4.2. Continuous Sampling and Confidence Interval Evaluation

[0149] As with the pre-production analysis, a confidence interval may be constructed after a production deployment. Regular sampling of images may be performed periodically (e.g., weekly or monthly) to re-evaluate system performance. This approach not only helps identify any deviations from expected performance, but also helps build a statistically sound evaluation of the system over time. In addition, the periodic nature of sampling allows the system to account for potential changes in input distributions or operating conditions. By reassessing at regular intervals, the system remains robust to evolving patterns in the images, ensuring that its performance remains consistent even as the underlying data shifts.

4.3. Human Verification and Inter-Rater Reliability

[0150] Human experts may re-evaluate the sampled data to verify the LLM's judgments. Calculating inter-rater reliability metrics, such as F1 score as demonstrated during the pre-production analysis of this proposal, provides insights into the consistency between human and LLM evaluations, highlighting areas for improvement in the model or evaluation criteria. For example, discrepancies in the evaluation of ambiguous fields may indicate a need for updated prompts or additional training data to improve the LLM's contextual understanding.

4.4. Feedback Loop and Model Retraining

[0151] Feedback from human evaluations may be systematically fed back into the system, informing prompt adjustments and potential retraining of the LLM. For example, if a new document layout becomes prevalent, the feedback loop ensures that the system incorporates this layout into its training dataset and adapts accordingly. This iterative process ensures the model adapts to evolving data patterns and maintains high accuracy over time.

4.5. Statistical Tools for Monitoring

[0152] Advanced statistical tools, such as control charts and time-series analysis, may be employed to monitor trends and detect shifts in performance metrics. Control charts, for example, can identify instances where extraction accuracy falls outside predefined control limits, signaling the need for investigation. Time-series analysis provides insights into longer-term trends, helping distinguish between random fluctuations and systematic performance issues. These tools aid in identifying systematic issues versus random fluctuations, guiding targeted interventions.

5. Post-Production Scenario

[0153] The following scenario illustrates a theoretical application of the methodology described in the present disclosure. While theoretical, this scenario typifies how the disclosed system and methods would operate in a post-production environment to ensure continued robustness and effectiveness. The evaluation process builds upon the pre-production assessments by adding layers of continuous monitoring and periodic evaluation to maintain high performance standards in a live operational setting.

5.1. Evaluation Process

[0154] A similar sample size of 374 documents for a slightly smaller population of images is periodically evaluated by both human evaluators and the LLM-as-Judge.
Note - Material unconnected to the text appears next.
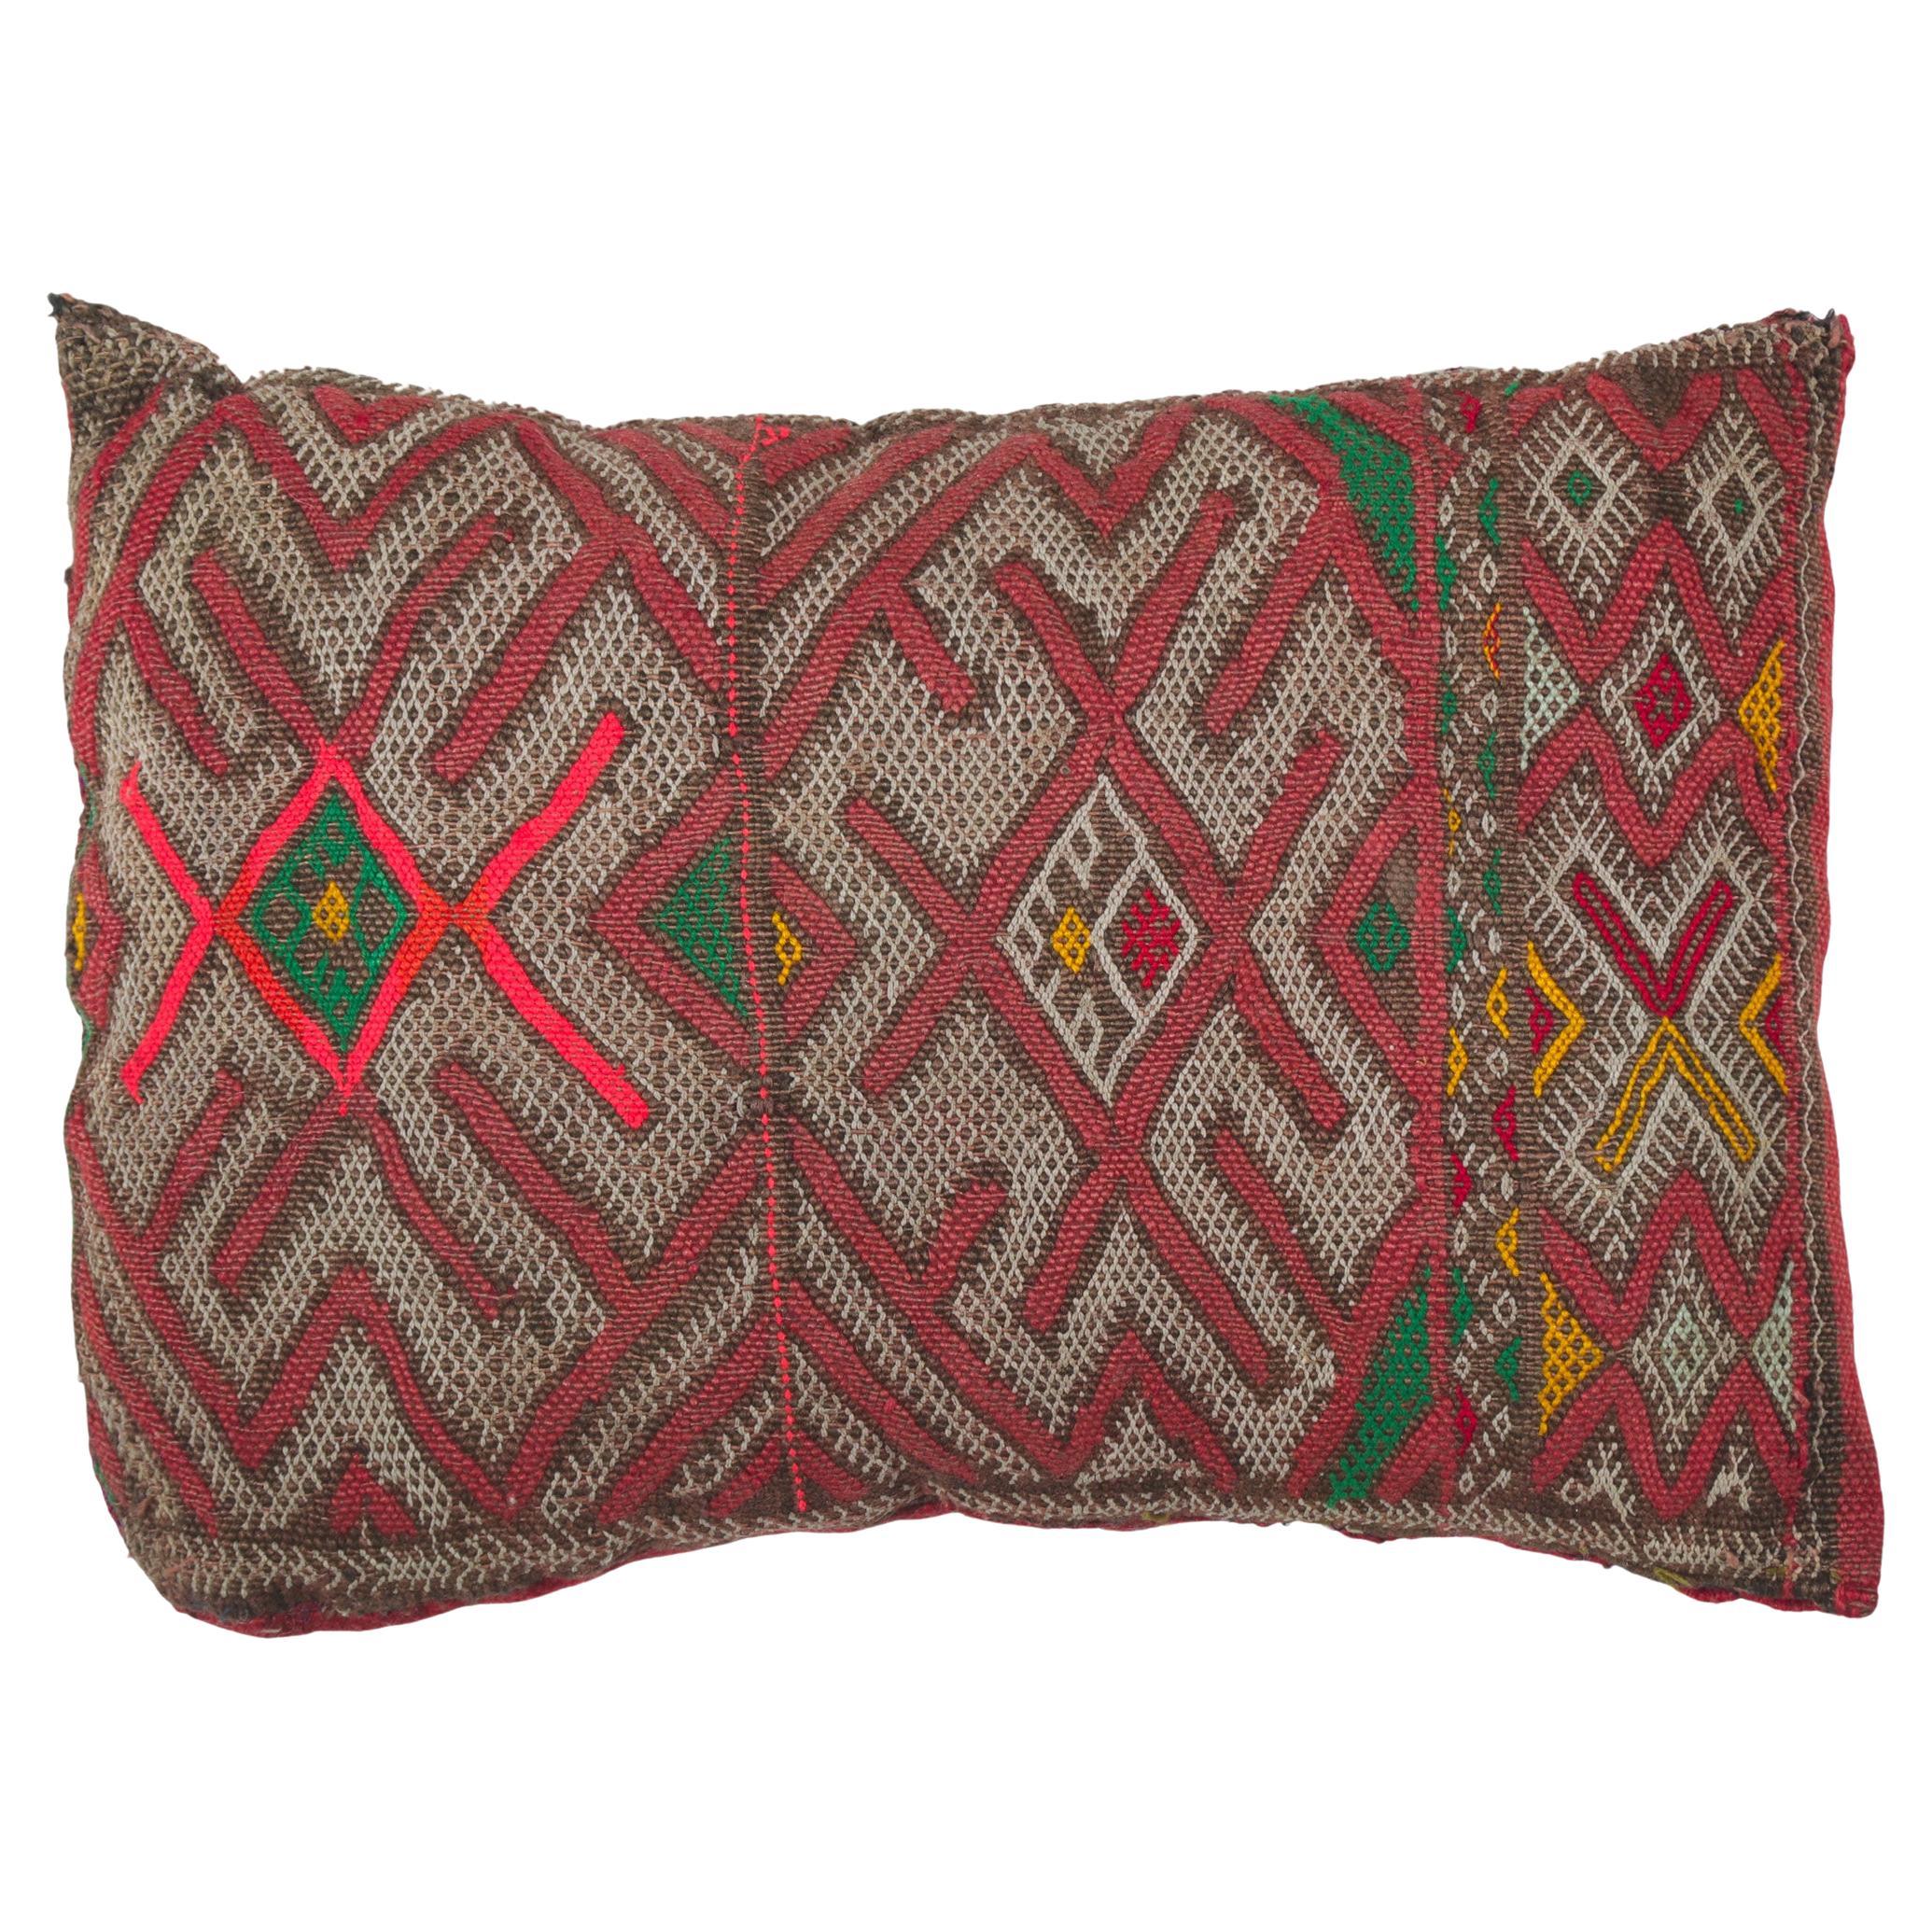 Vintage Zemmour Marokkanisches Teppichkissen von Berber Tribes of Morocco

In this phase, 340 documents (approximately 91%) were correctly processed, indicating a slight improvement in accuracy. The 95% confidence interval for the true proportion of correctly processed documents is calculated as:

[00013] $\begin{matrix} \overset{}{p} M E = 0.9 1 0.0 2 9 8 = (0.8 8 0 2, 0.9 3 9 8) & (14) \end{matrix}$

[0155] This interval indicates that the system's accuracy, in a live production environment, is expected to remain within the range of 88.02% to 93.98%. This evaluation demonstrates that the system's performance is both reliable and consistent under operational conditions. The periodic reassessment ensures that any emerging data characteristics or operational challenges are identified and addressed promptly.

5.2. Agreement Between Evaluators

[0156] Consistent with pre-production findings, the agreement between human evaluators and the LLM-as-Judge remains high at 95% and an F1 score is derived. This consistency underscores the reliability of the LLM-as-Judge as a scalable evaluation tool in the post-production environment.

5.3. Overall System Effectiveness

[0157] Beyond the extraction of key/value pairs, the system's effectiveness includes the seamless integration of the extraction process into the broader business workflow, such as health benefit claims processing. Sampling results indicate that 91% of documents are processed correctly end-to-end, highlighting the reliability and operational efficiency of the system.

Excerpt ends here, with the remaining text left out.